Nor can the propriety of class certification be based on the pleadings alone. Instead, the “court must probe behind the pleadings before coming to rest on the certification question, satisfying itself that Rule 23 compliance may be demonstrated through evidentiary proof . . . . [T]his inquiry may sometimes overlap with merits issues”. Johnson v. Nextel Communications Inc., 780 F.3d 128, 138 (2d Cir. 2015). Ruke 23's requirements “should not be watered down” merely because the parties wish to settle.
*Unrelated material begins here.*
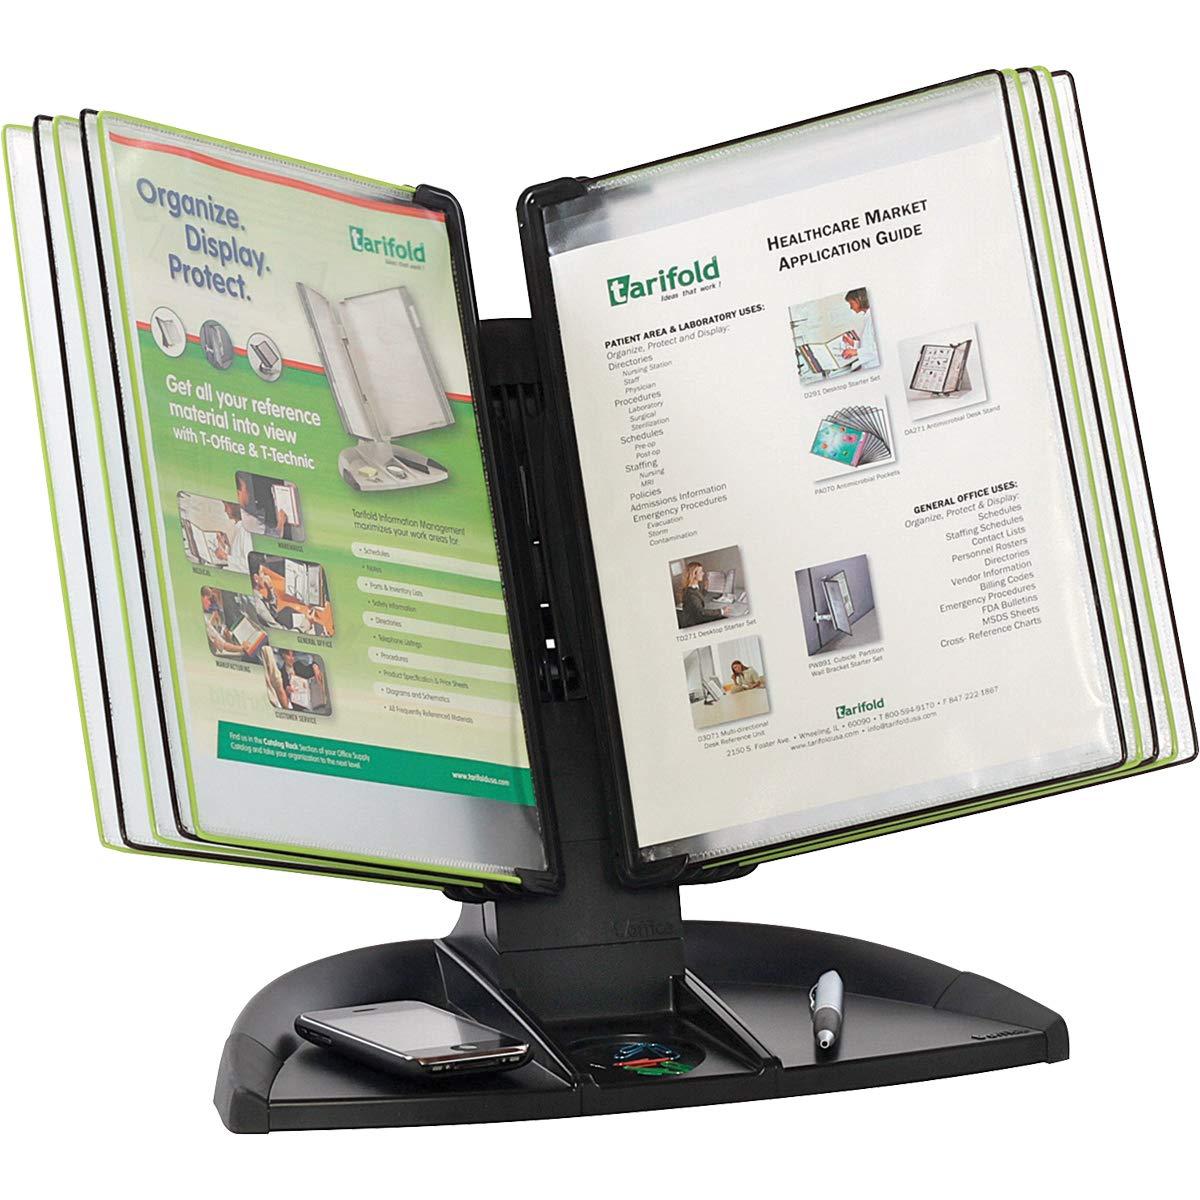 Tarifold Desktop Reference System With Built-in Desk Organizer, 10 Display Pockets, Black Base (TDBL291) by Tarifold
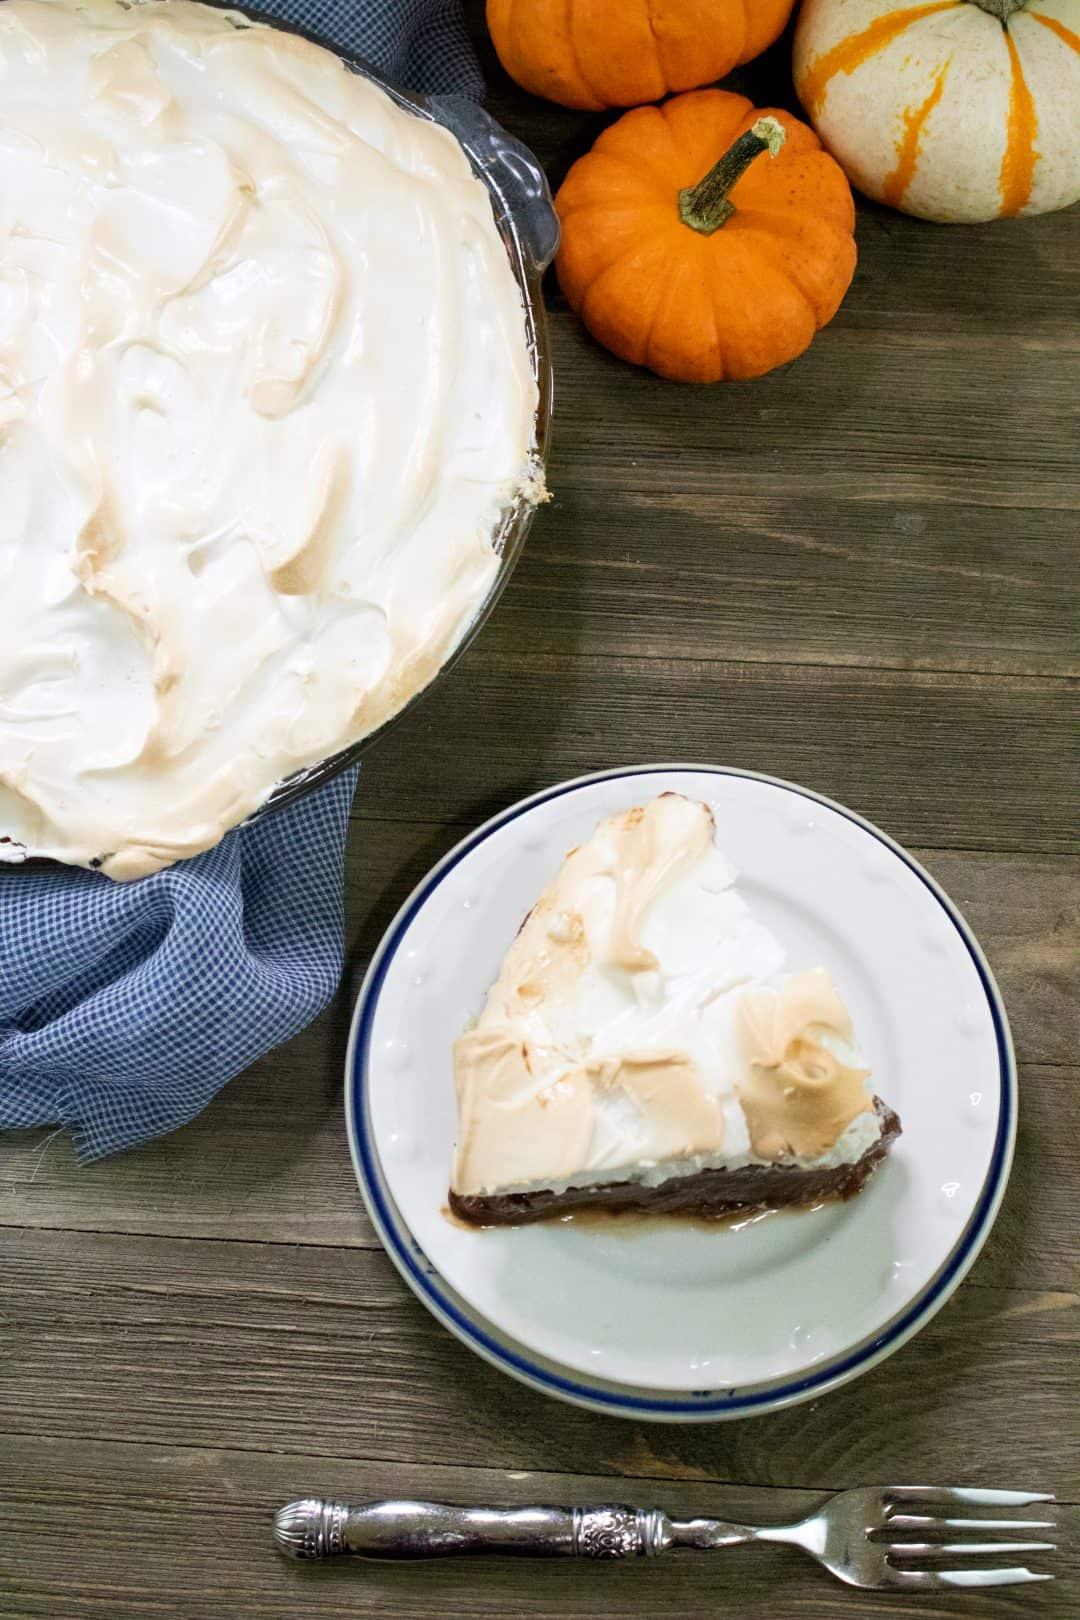 Chocolate Pie Recipe with Meringue

Denney, 443 F.3d at 270. (2d Cir. 2006).
CONCLUSION
Although “the ‘settlement only' class has become a stock device”, the court's obligation to “protect absentees by blocking unwarranted or overbroad class definitions . . . demand[s] undiluted, even heightened, attention in the settlement context”. Amchem Products, 521 U.S. at 618, 620. “The class description . . . must not be so broad as to include individuals who are without standing to maintain the action on their own behalf.” Oshana v. Coca-Cola Bottling Co., 225 F.R.D. 575, 580 (N.D. Ill. 2005), aff'd, 472 F.3d 506 (7th Cir. 2006). Since the proposed settlement class does not exclude those who consented to receive Tivity faxes (and therefore have not been injured), it is overbroad. Therefore, I recommend that Lackawanna Chiropractic's motion [54] be denied.
Unless otherwise ordered by Judge Vilardo, any objections to this Report and Recommendation must be filed with the clerk of this court by July 21, 2020. Any requests for extension of this deadline must be made to District Judge Vilardo. A party who “fails to object timely . . . waives any right to further judicial review of [this] decision”. Wesolek v. Canadair Ltd., 838 F.2d 55, 58 (2d Cir. 1988); Thomas v. Arn, 474 U.S. 140, 155 (1985).
Moreover, the district judge will ordinarily refuse to consider de novo arguments, case law and/or evidentiary material which could have been, but were not, presented to the magistrate judge in the first instance. Patterson-Leitch Co. v. Massachusetts Municipal Wholesale Electric Co., 840 F.2d 985, 990-91 (1st Cir. 1988).
The parties are reminded that, pursuant to Rule 72(b) and (c) of this Court's Local Rules of Civil Procedure, written objections shall “specifically identify the portions of the proposed findings and recommendations to which objection is made and the basis for each objection . . . supported by legal authority”, and must include “a written statement either certifying that the objections do not raise new legal/factual arguments, or identifying the new arguments and explaining why they were not raised to the Magistrate Judge”. Failure to comply with these provisions may result in the district judge's refusal to consider the objections.